美術展レビュー「佐伯祐三特別展〜自画像としての風景」

2023年4月3日


自分と佐伯祐三の作品との出会いはいったいいつだったのか?代表作の《郵便配達夫》はおそらく高校の美術の教科書で見ていたと思う。もっとも、それは教科書の中のただの一枚で作者の名前を記憶することも、心に残ることもなかった。

おそらく出会いは京都で過ごした大学時代。今出川だか出町柳の古本屋か喫茶店、学生のたまり場に飾ってあった何気ないパリの風景。エロいこと以外に興味はない当時、美術や絵画に興味をもったこともなかったにも関わらず、見た瞬間に惹かれた。街角の細かい文字がでびっしり埋められた広告。《ガス灯と広告》という作品名と佐伯祐三の名前を初めて知ったのは、その時だったと思う。麻雀とエロスとバイオレンスの毎日(嘘)の中でほんの少し、印象に残った作品だった。

さて、時は流れて現在。エロいことも散々やり尽くしたし、年相応に落ち着くように見せなきゃいけないし、美術展でも見て回るか、佐伯祐三との再会である。

この美術展の副題。”自画像としての風景”。図録の解説に彼の親友山田新一の言葉が紹介されている。

「佐伯の絵はどんな構図を描こうと乾いて鋭く尖った彼自身の痛々しいほどの透明さを感じさせる」

彼の描く画そのものが彼を表現する彼自身の自画像である。そして彼をもっともよく表しているものが風景。それは彼の風景画に惹かれた理由と重なるものがあった。

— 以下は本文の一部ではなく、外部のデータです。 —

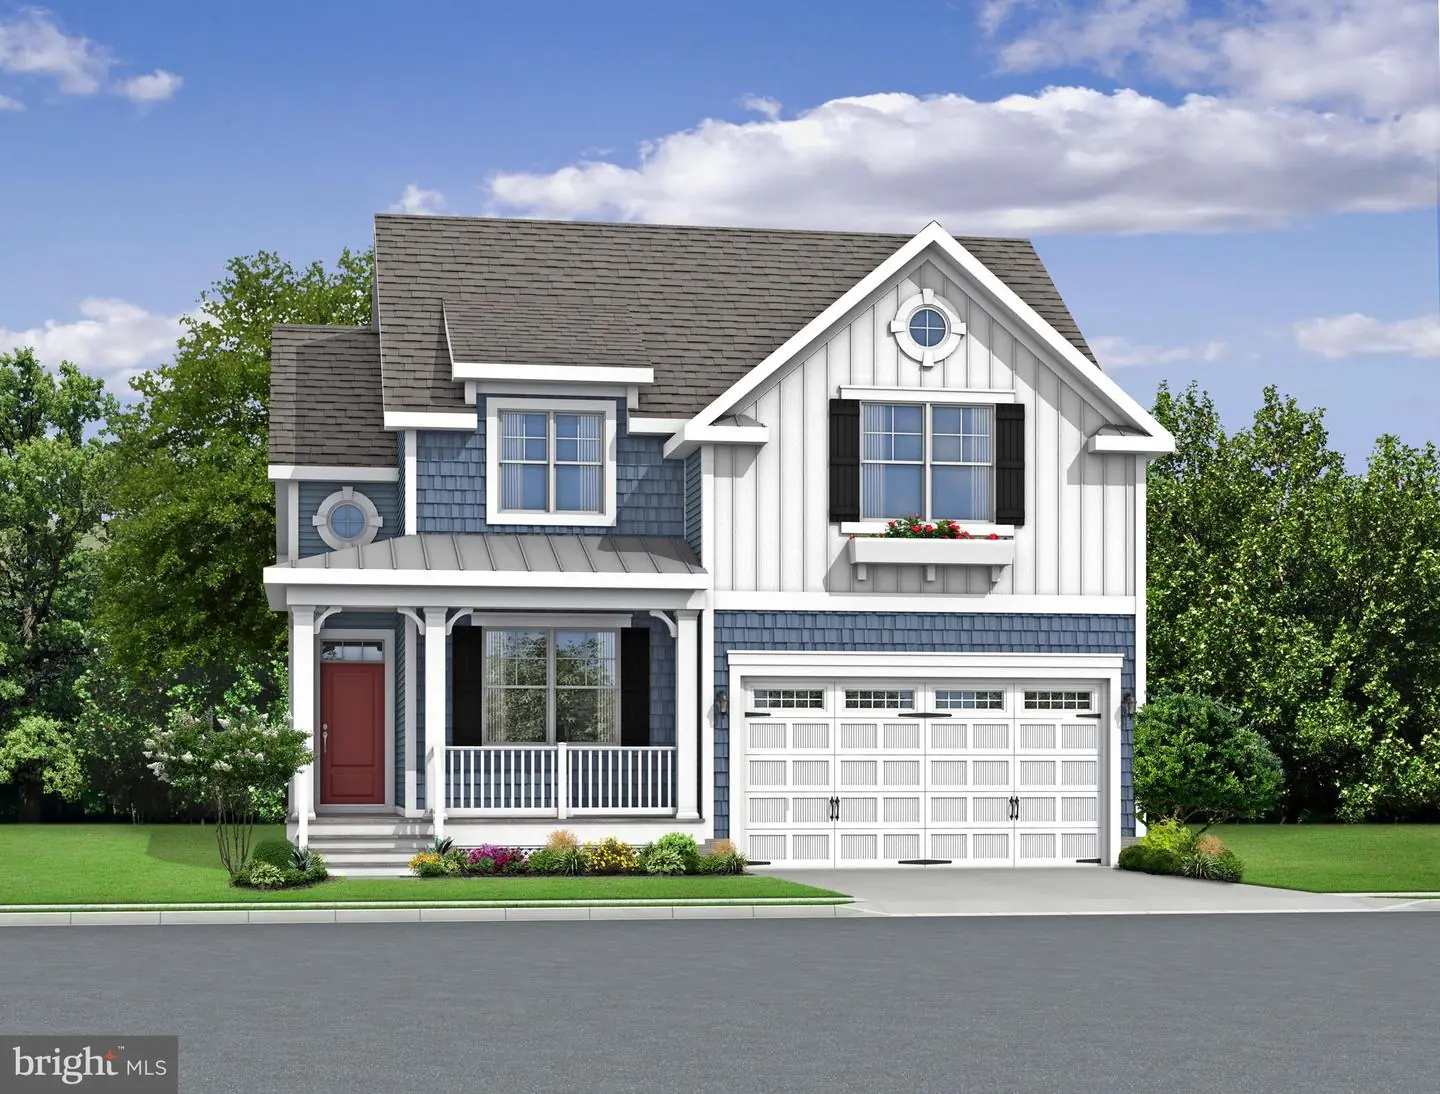 DESU2031440-801988062176-2022-11-02-11-01-30 Iris To-be-built Home Tbd | Millsboro, DE Real Estate For Sale | MLS# Desu2031440  - David T. King Realtor

さて佐伯祐三。知らない人もいるかもしれないが、日本の洋画史に残る天才であることは疑いようがない。自画像や残された写真からは相当のイケメンだとわかる(←重要)。1923年に東京美術学校を卒業し、1928年に30歳の若さで亡くなるまで画家として活躍した期間は約6年。まさに早逝の天才画家。

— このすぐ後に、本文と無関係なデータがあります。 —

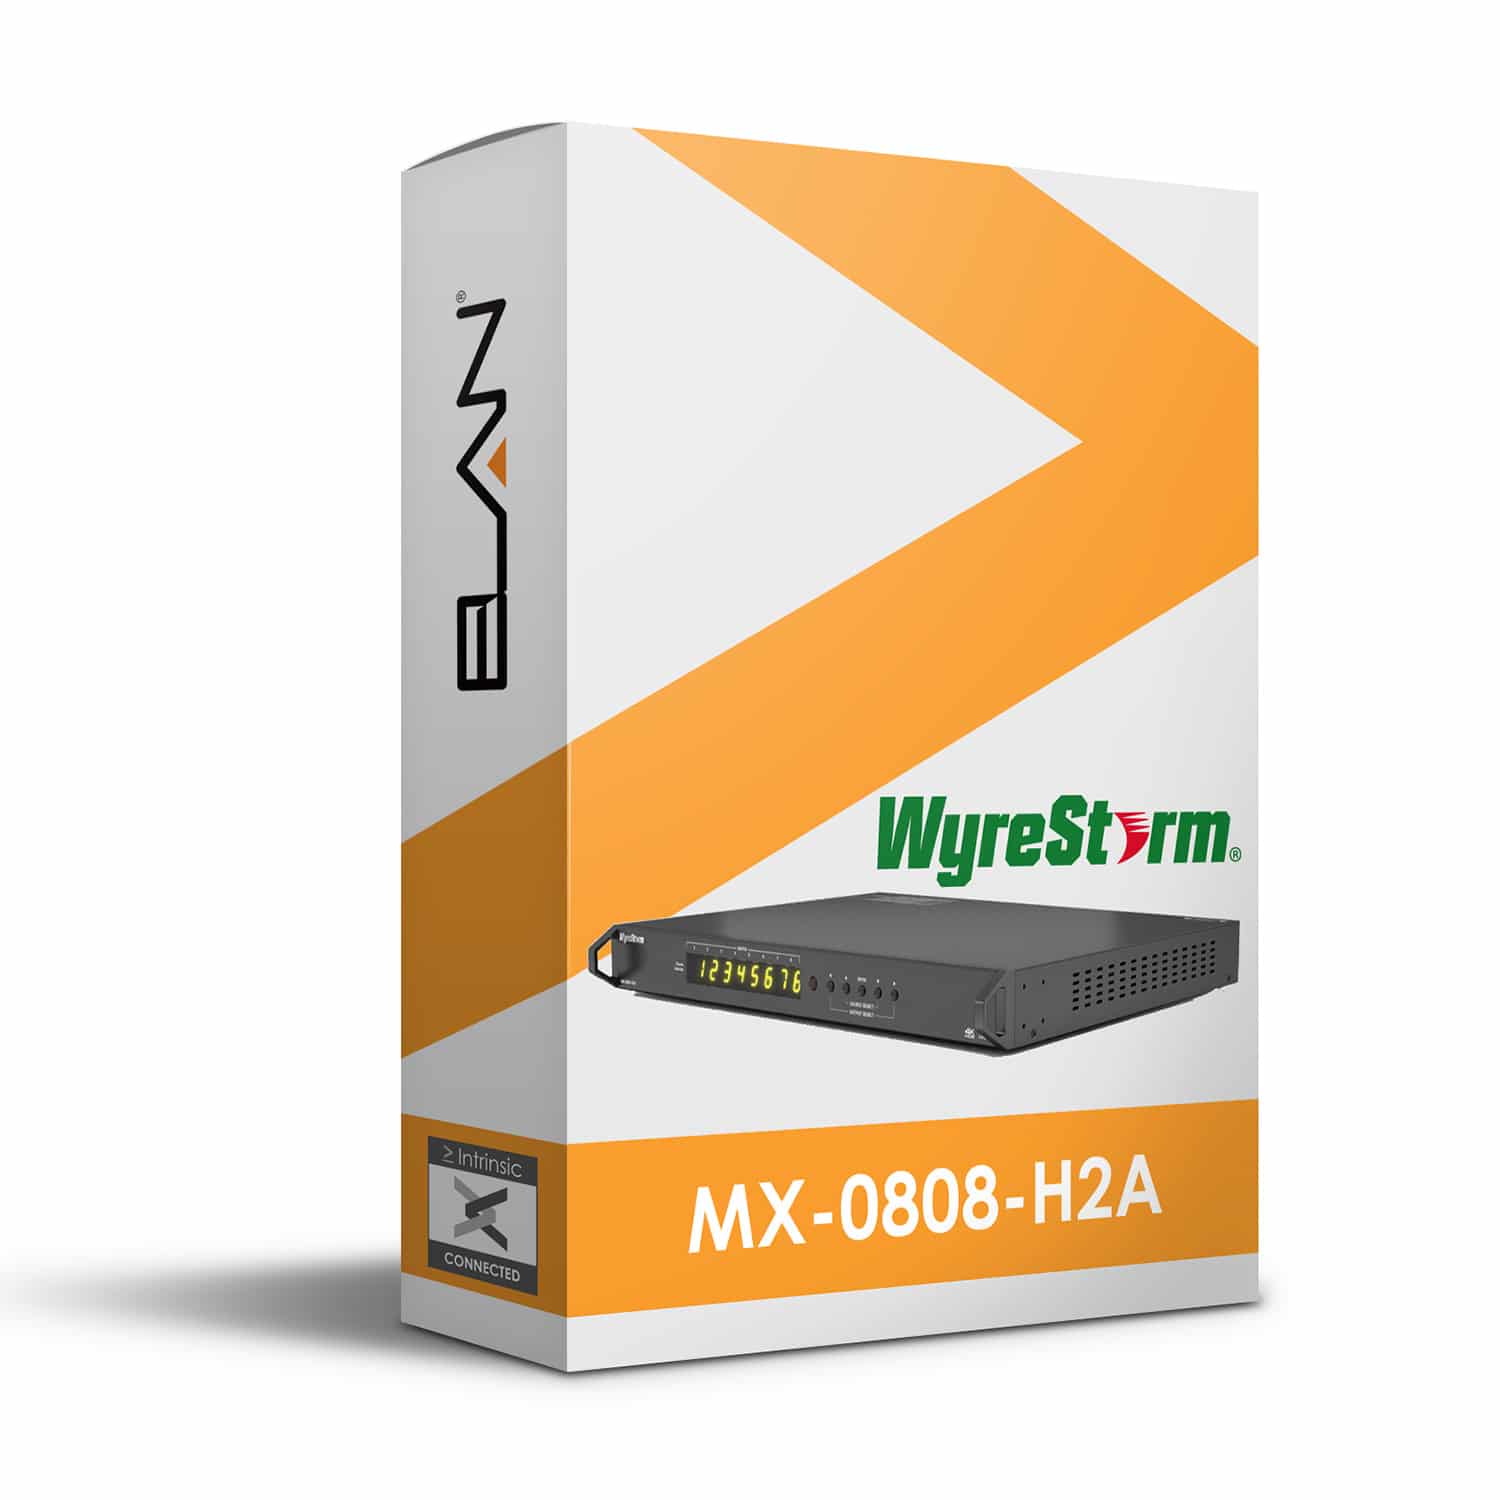 wyrestorm mx-0808-h2a driver for elan

そして彼を語る上で欠かせないエピソードが野獣派のブラマンクとの出会いである。

美術学校を卒業しパリに渡った祐三は野獣派の巨匠ブラマンクを訪れ、自信作の裸婦像を彼に見せる。しかし、それを見たブラマンクは激昂し「このアカデミックめ!」と祐三を激しく痛罵する。教科書通りで個性のない祐三の絵はブラマンクにとって芸術への冒涜と写ったのかもしれない。この出来事にショックを受けた祐三はこれまでの自分の打ち壊し、自分自身の絵を模索していくことになる。

ブラマンク《シャトーのセーヌ河》

野獣派。光の加減で変化する上辺の色彩ではなく対象が持つ固有の色彩を表現しようとする。原色を使用した強烈な色彩が特徴。

この美術展では美術学校時代から彼の死の直前までの作品が網羅されており、ブラマンクとの出会い以降の変化も実際に見て感じることができる。彼の短い画家人生の中で画風は目まぐるしく変化していく。さながら彼が自分の絵を模索する姿を追体験するかのように。

佐伯祐三《ガス灯と広告》
佐伯祐三《コルドヌイ》

ブラマンクとのエピソードのその後がこの美術展では少し紹介されていた。祐三はその後もブラマンクのもとを何度か訪れ、後に彼は祐三の作品を「構図は凡庸だが色彩は非凡なものがある。」と評価している。ブラマンクに怒られたことだけが有名になった祐三だが、最終的にはブラマンクにも少なからず認められたことはもっと知られてもいいと思う。

コーヒー飲みながら図録で展示を振り返る時間はまさに至福の時。絵画と釣りとEDに一緒に向き合ってくれる嫁募集。